If you leave a vine to do its own thing, it does what a vine does, it runs. Eventually there’s long canes, a thick canopy, leaf over leaf reaching for the light, and somewhere under all of that lush greenery hides a few small grapes that never came to much.

The plant spent all its energy on growing leaves and had no reason to give its vigour to the ripening of its fruit. 

The grower cuts the vines back to the first few buds so its strength becomes focused, and there’s a conducive environment for growing fruit. The cut is the grower choosing where the vine's energy will run and it has an impact on what she will yield later in the season.

A vine tended this way gives a little more each year, not less.

Messaging runs the same way

I've come to think messaging works the same way. 

Left to run, a company's messaging grows in every direction and all at once. Homepages are often written by a marketing team that pulls in the leadership team’s hunches, reactions to investor comments, scientific data dumps, and all the features from the tech folk. 

When building webpages, none of this feels wrong at the moment. It is just like the vine, naturally adding leaf on leaf, season on season.

But eventually, your customer is palming their way through the growth, spending a lot of their time and energy trying to find the fruit. 

If you leave it for another season, it grows again, more canopy and less fruit.

Eventually, people stop coming either because it is easier to find what they are looking for in another vineyard or simply they don’t see any grapes in yours. 

Confusing messaging, too many leaves, is a turn off to a potential customer, it tries to speak to everyone, and therefore, to no one. The best thing you can do is go get the knife. 

So how do you make the cut? 

The power of little decisions

A grower is skilled in the craft of reading vines. She cuts the strong vines hardest because he trusts that they’ll return strong. There is also intuition, experience, and understanding from working with this dynamic system. The whole skill is in knowing which to cut and which to keep, she has made making a decision a habit. 

This is similar to a problem that I see in messaging, the copywriting isn’t actually a copy problem, it is a decision making problem. Before a pen hits the page, there isn’t a clear decision - what are we wanting from this work?

This is where you’ll cut it back to the first buds.
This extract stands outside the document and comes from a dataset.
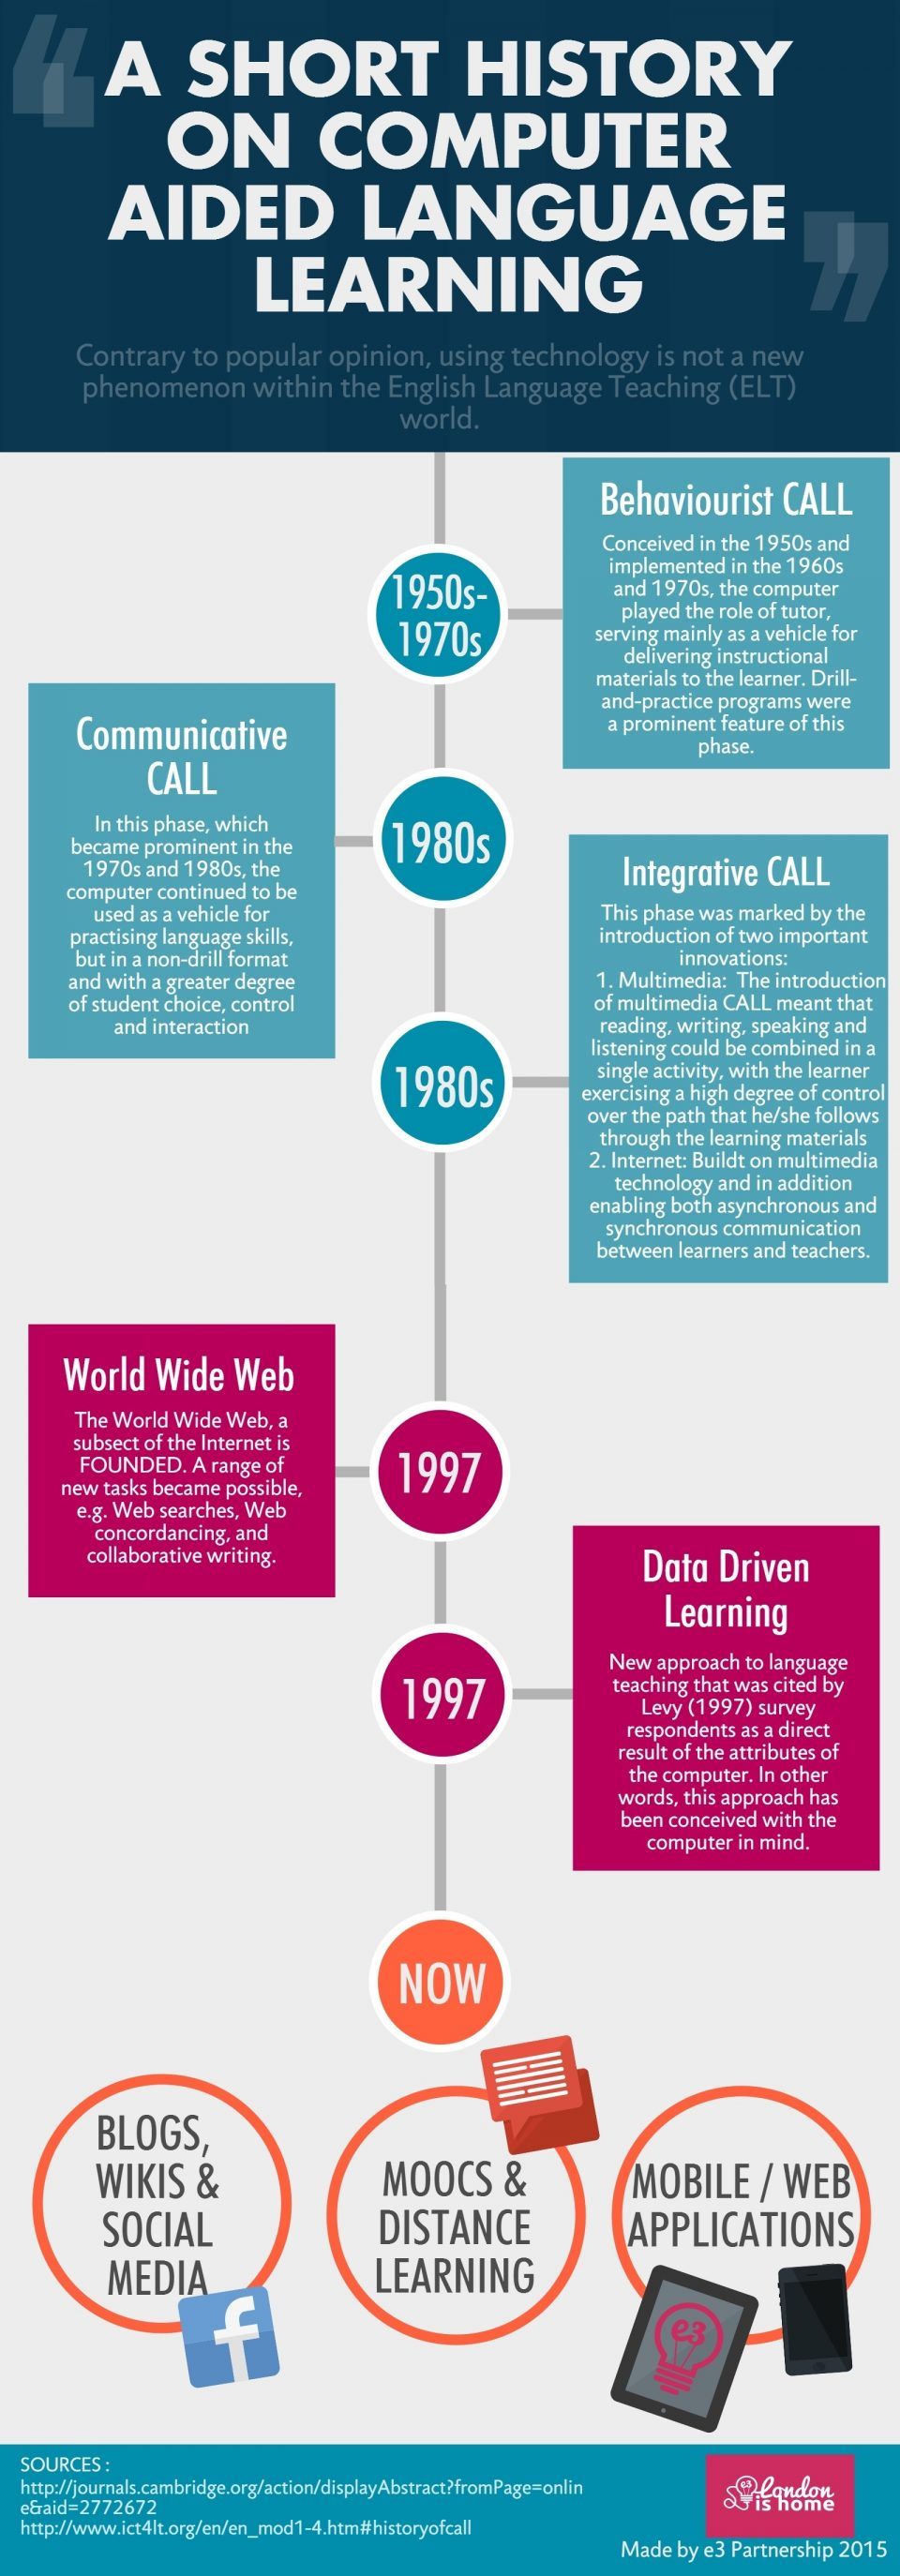 History of Computer Aided Language Learning Infographic

Starting with the following:

  1. The buyer you want to reach

  2. How your product or service solves their problem 

  3. The outcome or experience that they will receive. 

Once your focal point is set, you cut off everything else.

With the fruit now clearly visible, a visitor lands on your website and knows, within seconds, that it's for them and there’s no more palming through leaves. You have made it easy for them to see the value, the fruit, and they reach for it.

A grower cuts down to the first few buds to ensure each year has intentional growth. She doesn’t tidy up around the edges as that doesn’t solve the core of the problem. When you strip it right back to look at the underlying structure, decide where you want the energy to grow, and aim for a desirable outcome, you are being intentional about the quality of fruit. 

How we did it with Sectormentor

When I worked with Sectormentor, we built their webpages up over five stages:

  1. Gathering all the evidence, including team interviews, a website diagnosis, market research, competitor reviews, and target audience intel.

  2. Synthesised all the data through cross referencing the knowledge, seeking patterns and opportunities. 

  3. Workshopped the outcomes of the synthesis, navigated differences, assumptions, and stress tested the proof.

  4. Crafted the deliverables: homepage and three landing page wireframes, a positioning and messaging deck, and collated all source materials.

  5. Iterations and tweaks until complete.

The result is a clear, value driven homepage that guides the reader to the fruit of their offer.


If you want a hand making the cut, that's the work I do.

Warmly,

Rob

PS: For technical or complex companies, there is a risk of cutting too much off so that your depth and quality doesn’t show, and that also could prohibit a technically-minded buyer from trusting you. This is where intuition, experience, and understanding comes into play when deciding what needs to be given the room to grow. You can see that balance in Sectormentor’s pages.